The DRM Web service 1120 receives the request, runs a Web service authentication 1122 process to verify that the request is valid. A validity check is performed against a database 1124 located at a DRM Web service to verify that information sent by the request, such as username and password, matches an encrypted username and password held in database 1124 and license identifier corresponds to DRM information also held in database 1124.
If the request is valid, database 1124 sends license key information that also includes rights or rules governing the use of digital media file or live broadcast, to a Web service response mechanism 1126.
Web service response mechanism 1126 wraps response information including a license key and sends it back to the XML RPC 1130 which is still in a “wait state.”
On receiving a response, a remote web server or IP device parses the response, ending the XML RPC 1130 “wait state,” and matches the response to encrypted media file or live broadcast. The resulting product is decrypted media or live broadcast 1132 that now permits successful playing of the decrypted media or live broadcast on IP Device 1100. Moreover, based on the parsed response, in another embodiment, the process can elect to either deliver a license key or take some other action. For example, if a key's information does not match, or a media file is unable to be unlocked, or an IP device media playback capability has been revoked, the script can elect to force a redirect to a different location or re-authentication.
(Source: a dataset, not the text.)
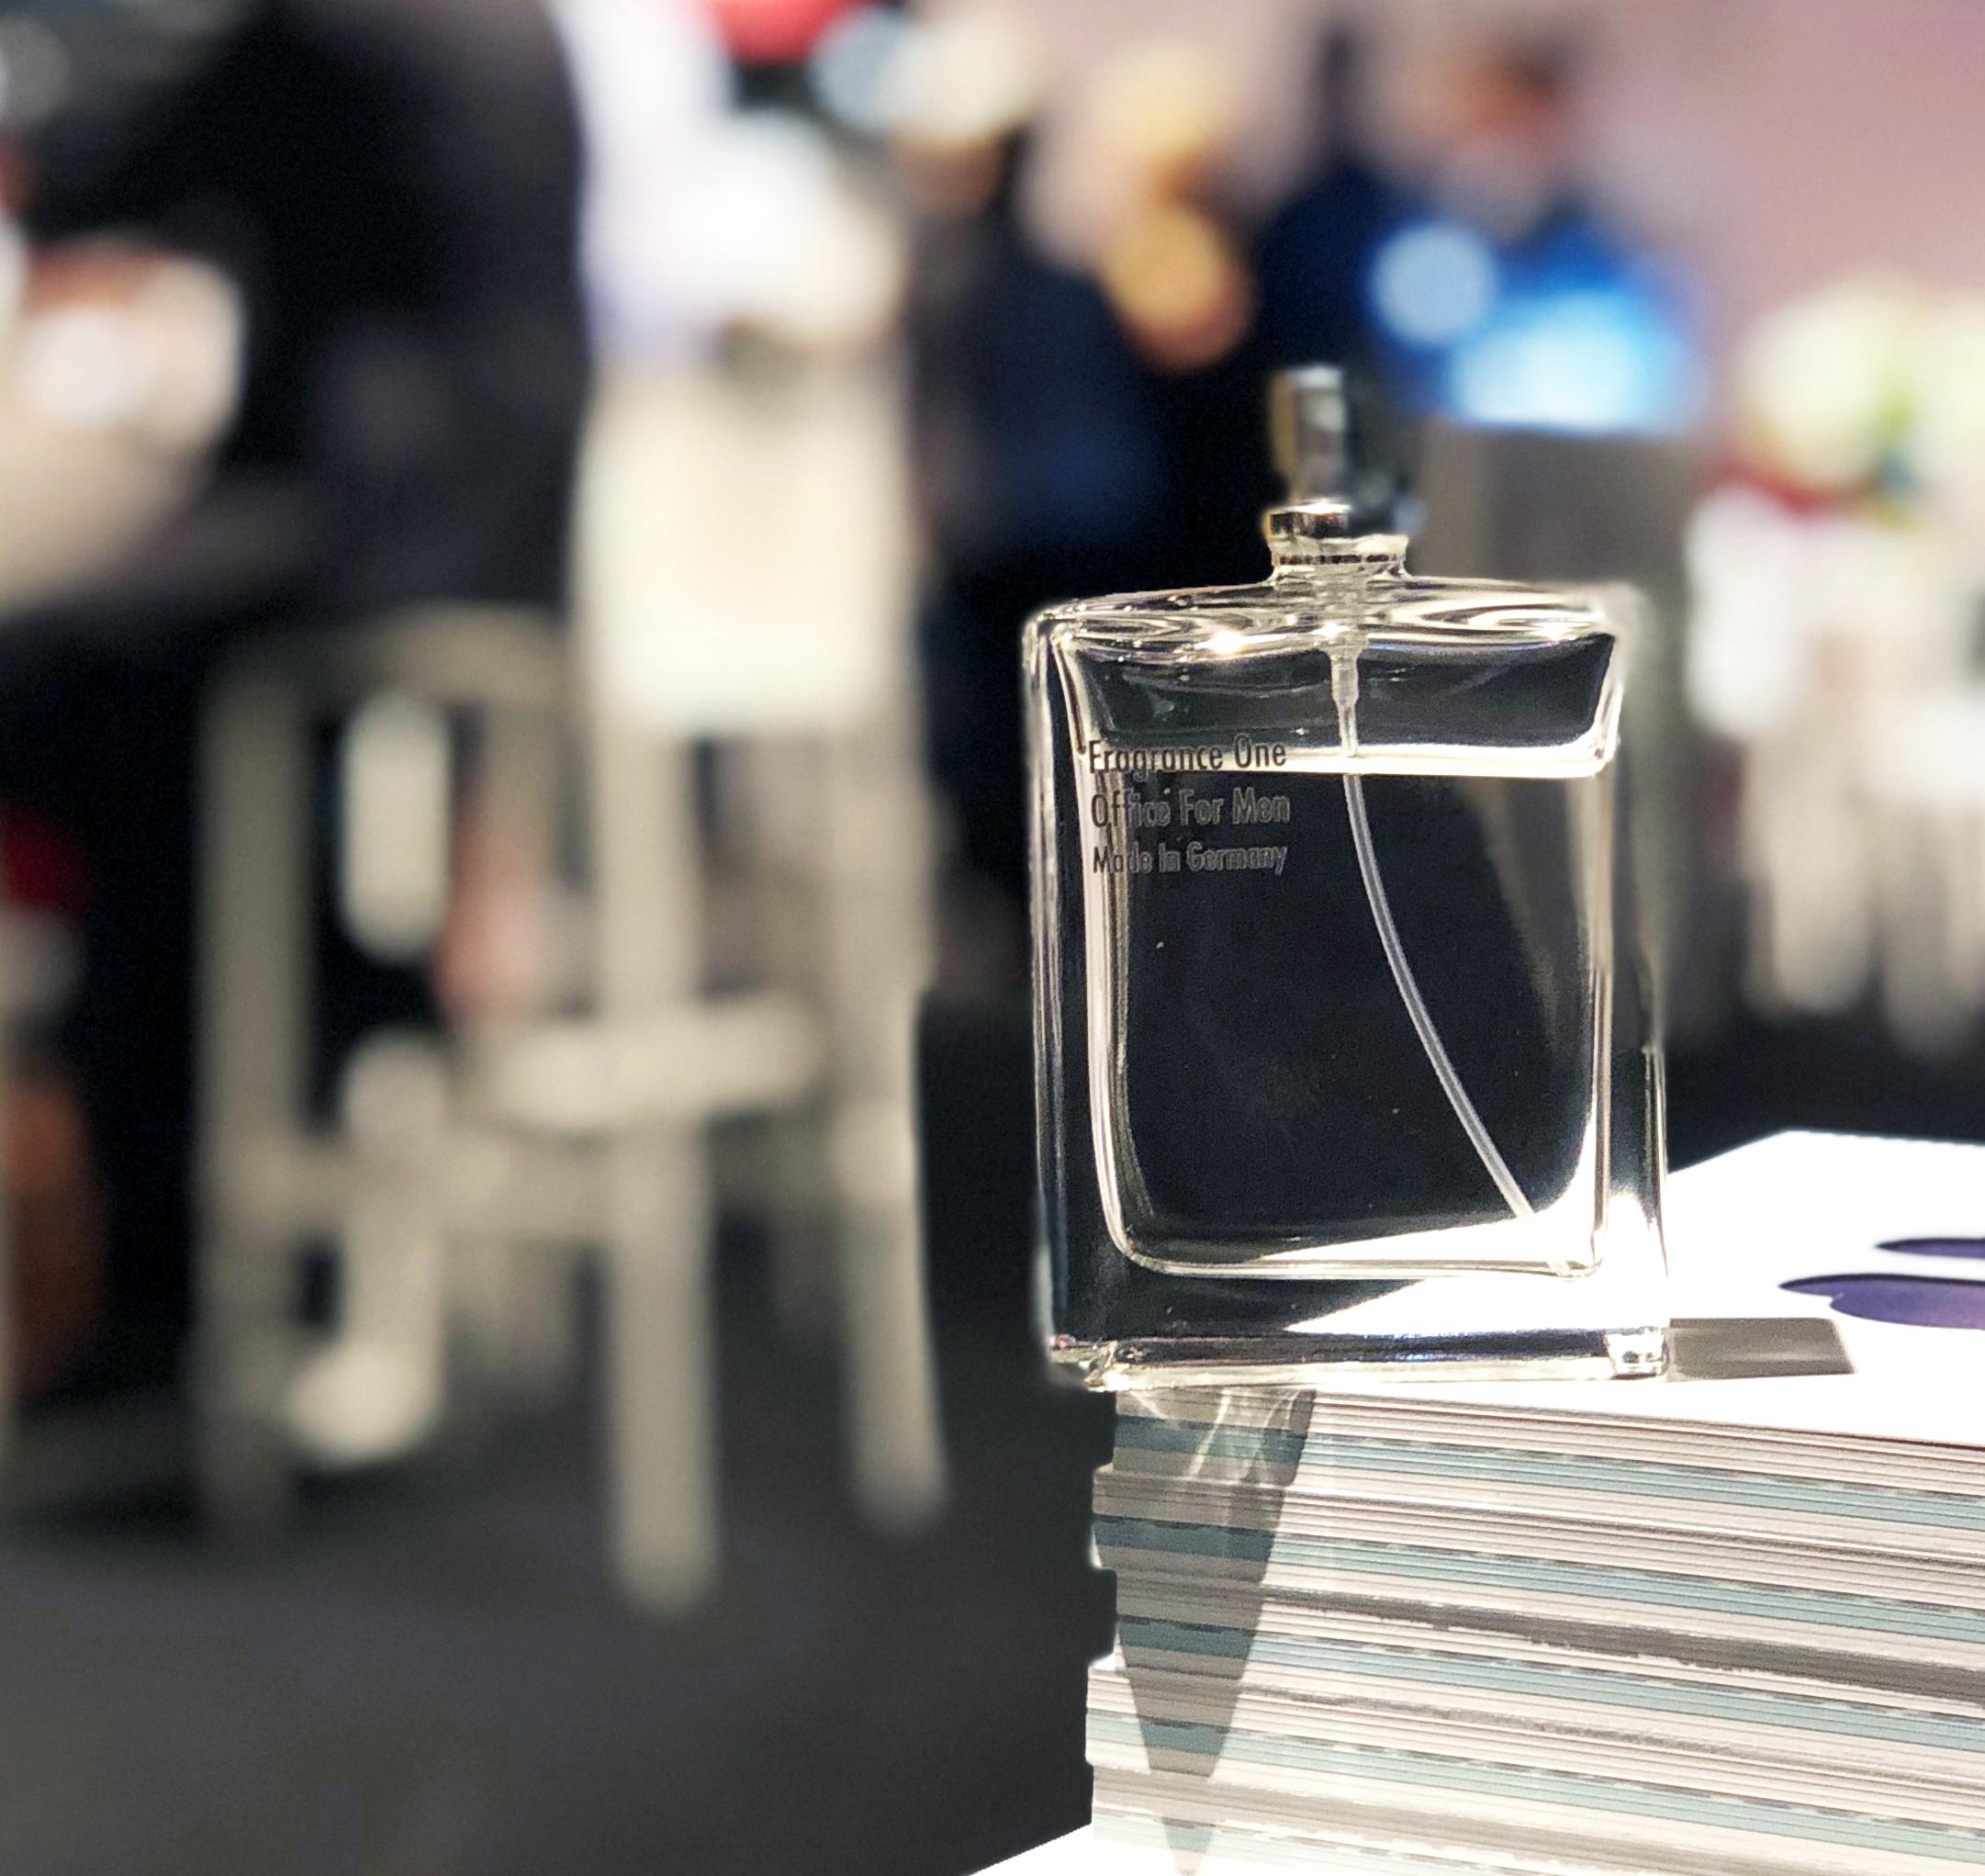 Office For Men – das erste Parfum von Jeremy Fragrance ~ Reviews

The term “load balancing” refers to distributing processing and communications activity evenly across a network so that no single device is overwhelmed. This may happen where the number of requests made to a server and the number of responses from the server is unpredictable. One solution for busy Web services is typically to use two or more Web servers to run Web services in a load balancing scheme. Requests are distributed equally across the bank of servers so no single server is overwhelmed and forced to deny requests because of lack of processing capacity. No further detail of load balancers is shown since these are generally understood by persons skilled in the art.
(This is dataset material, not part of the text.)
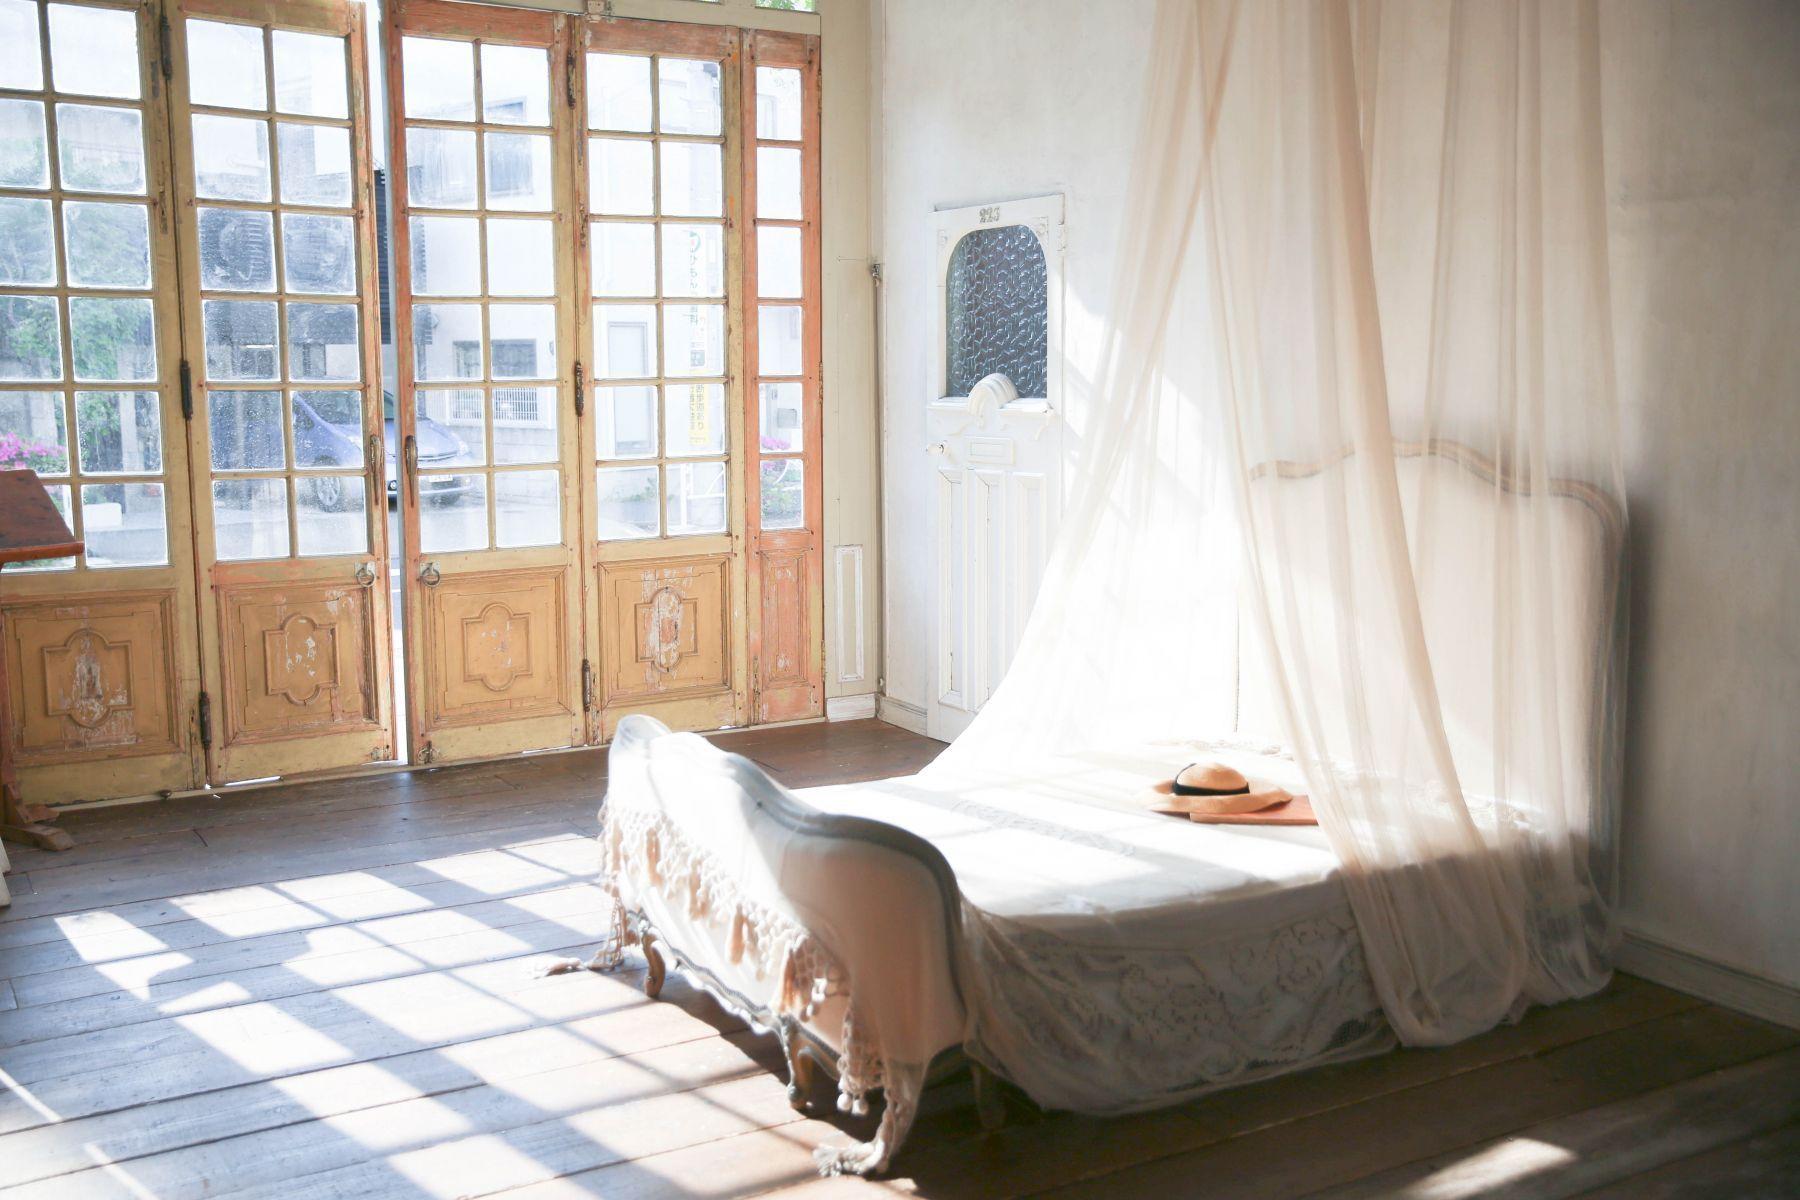 studio itto 目黒碑文谷1Fst (スタジオ イット)西陽の入る大きな窓とベッド

As an advantage over the prior art, the method described and claimed herein utilizes a Web service to unify numerous complex steps and insure proper interface between otherwise potentially incompatible software and hardware modules which can be distributed at various remote locations. License clearing and delivery may then be performed seamlessly and transparently to a virtually unlimited number of devices connected by IP networks. Absent the method described herein it would not be possible to synchronize, scale and load-balance operation of various activities to achieve seamless and transparent license clearing and delivery to virtually unlimited number of devices connected by IP networks.
While various embodiments of the invention have been described, it will be apparent to those of ordinary skill in the art that many more embodiments and implementations are possible that are within the scope of this invention.